Problem requirements.
Leave the images out and repeat the data exactly as given.

Dataset extract.

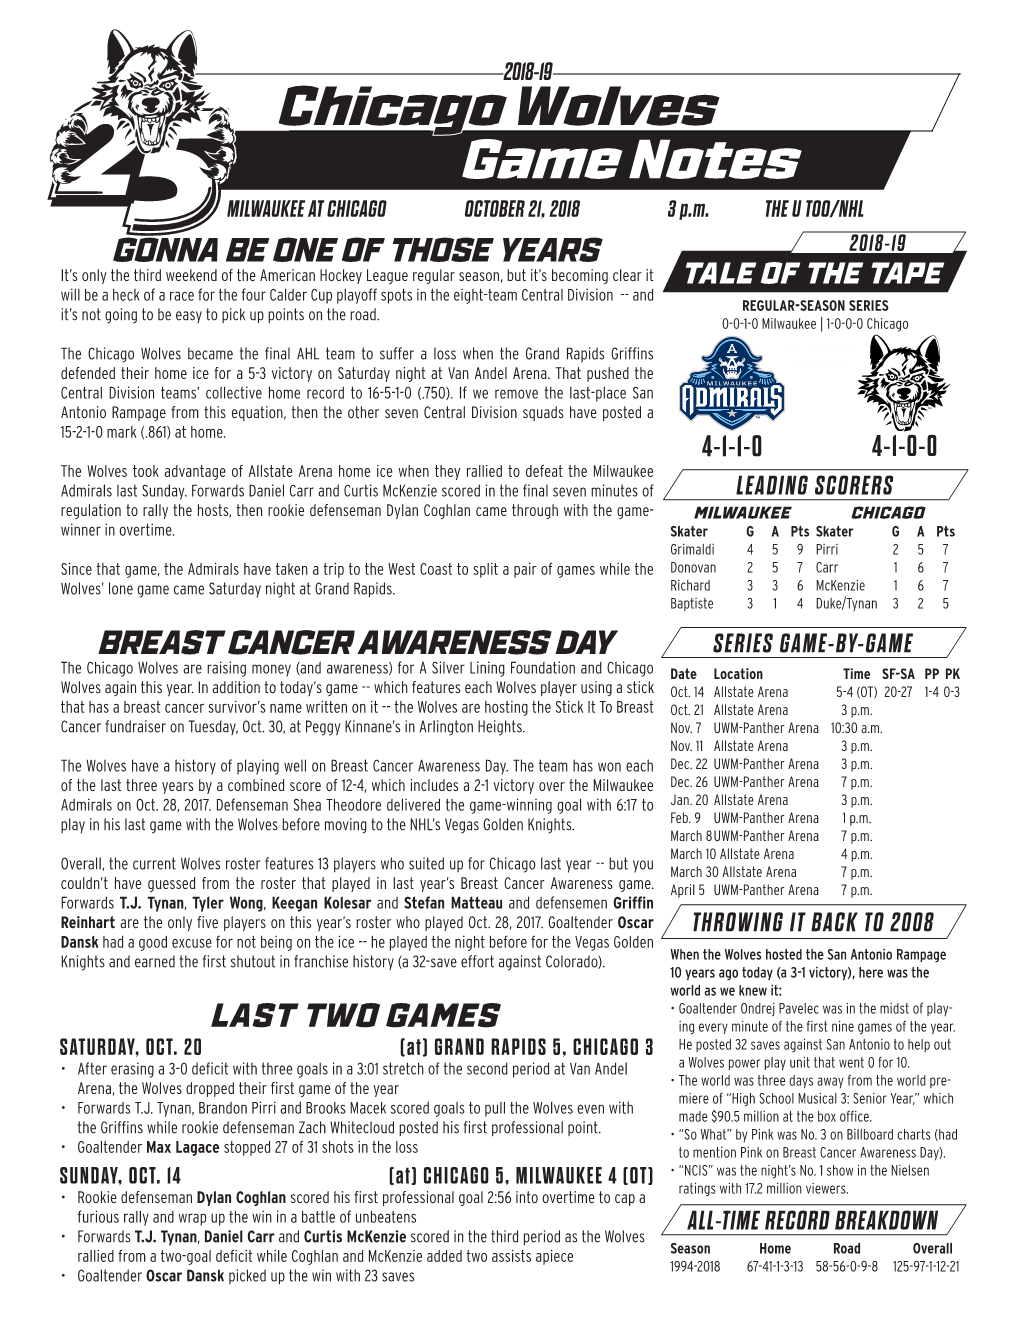 Chicago Wolves Game Notes MILWAUKEE at CHICAGO OCTOBER 21, 2018 3 P.M
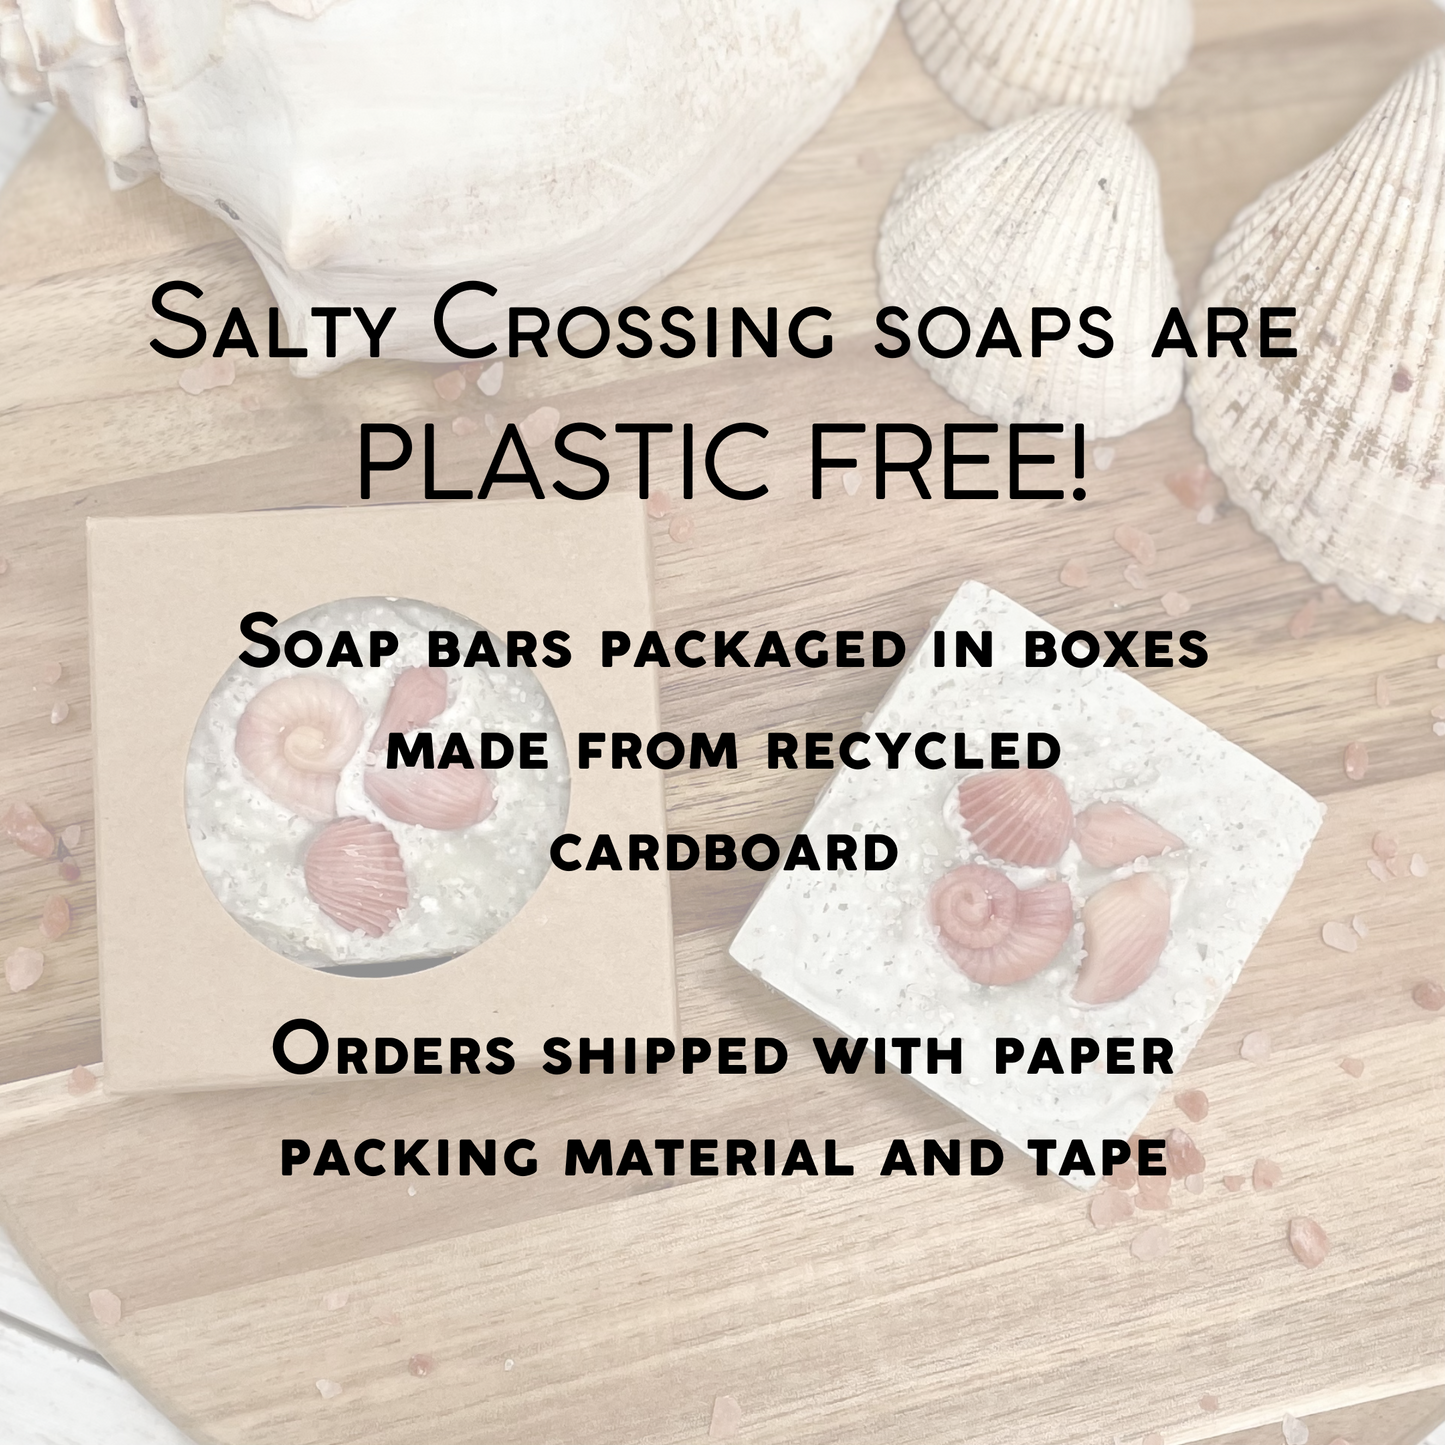 Graphic with text- Salty Crossing soaps are plastic free. Soap bars packaged in boxes made from recycled cardboard and orders shipped with paper packing material and tape.
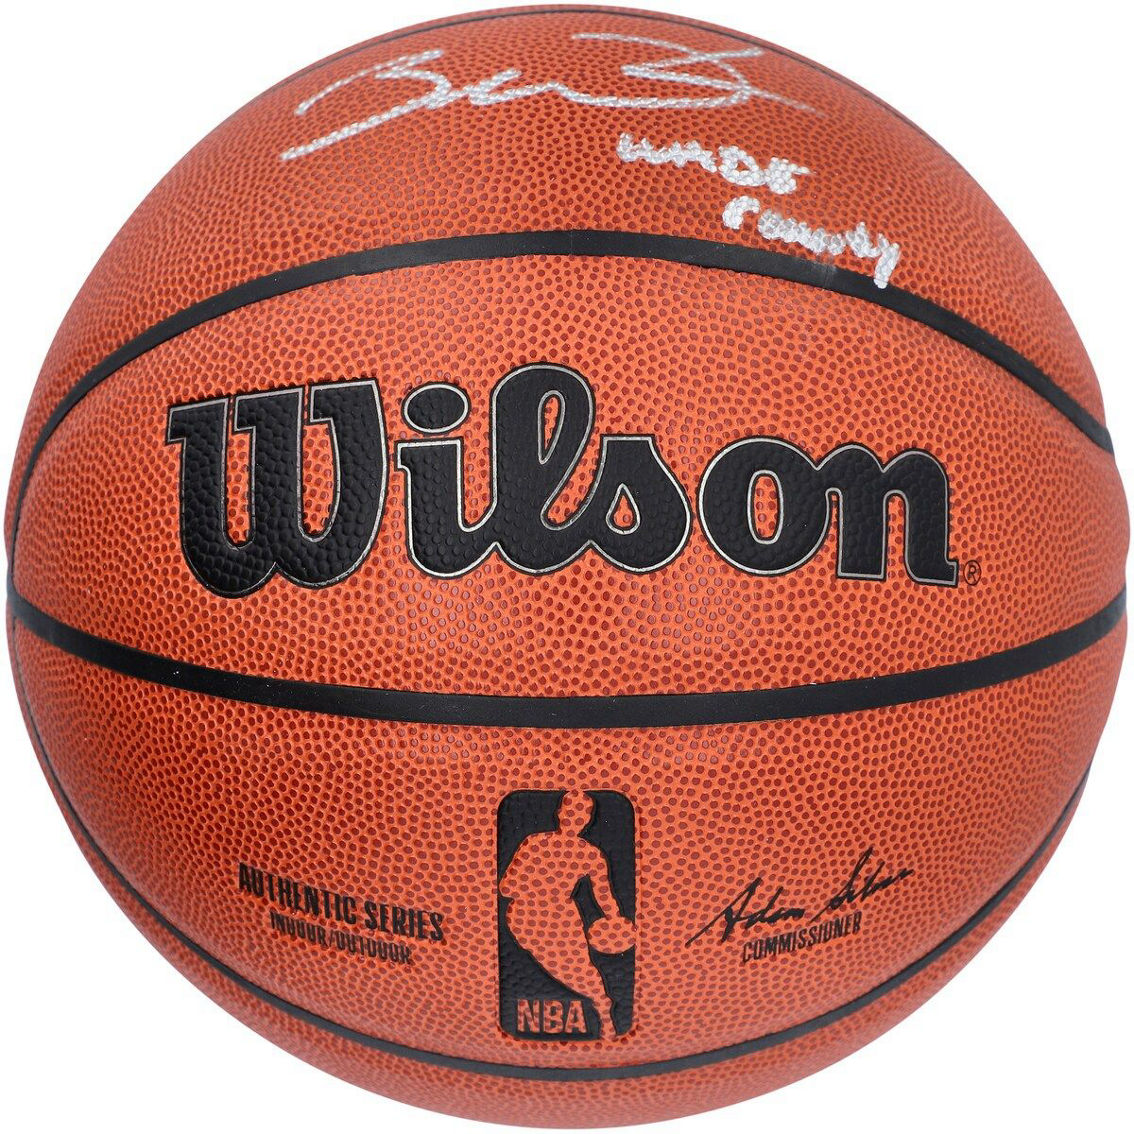 Fanatics Authentic Dwyane Wade Miami Heat Autographed Wilson Authentic Series Indoor/Outdoor Basketball with ''WADE COUNTY'' Inscription - Image 3 of 3

Exercise output.
 Chicago Wolves Game Notes MILWAUKEE at CHICAGO OCTOBER 21, 2018 3 P.M
 Graphic with text- Salty Crossing soaps are plastic free. Soap bars packaged in boxes made from recycled cardboard and orders shipped with paper packing material and tape.
 Fanatics Authentic Dwyane Wade Miami Heat Autographed Wilson Authentic Series Indoor/Outdoor Basketball with ''WADE COUNTY'' Inscription - Image 3 of 3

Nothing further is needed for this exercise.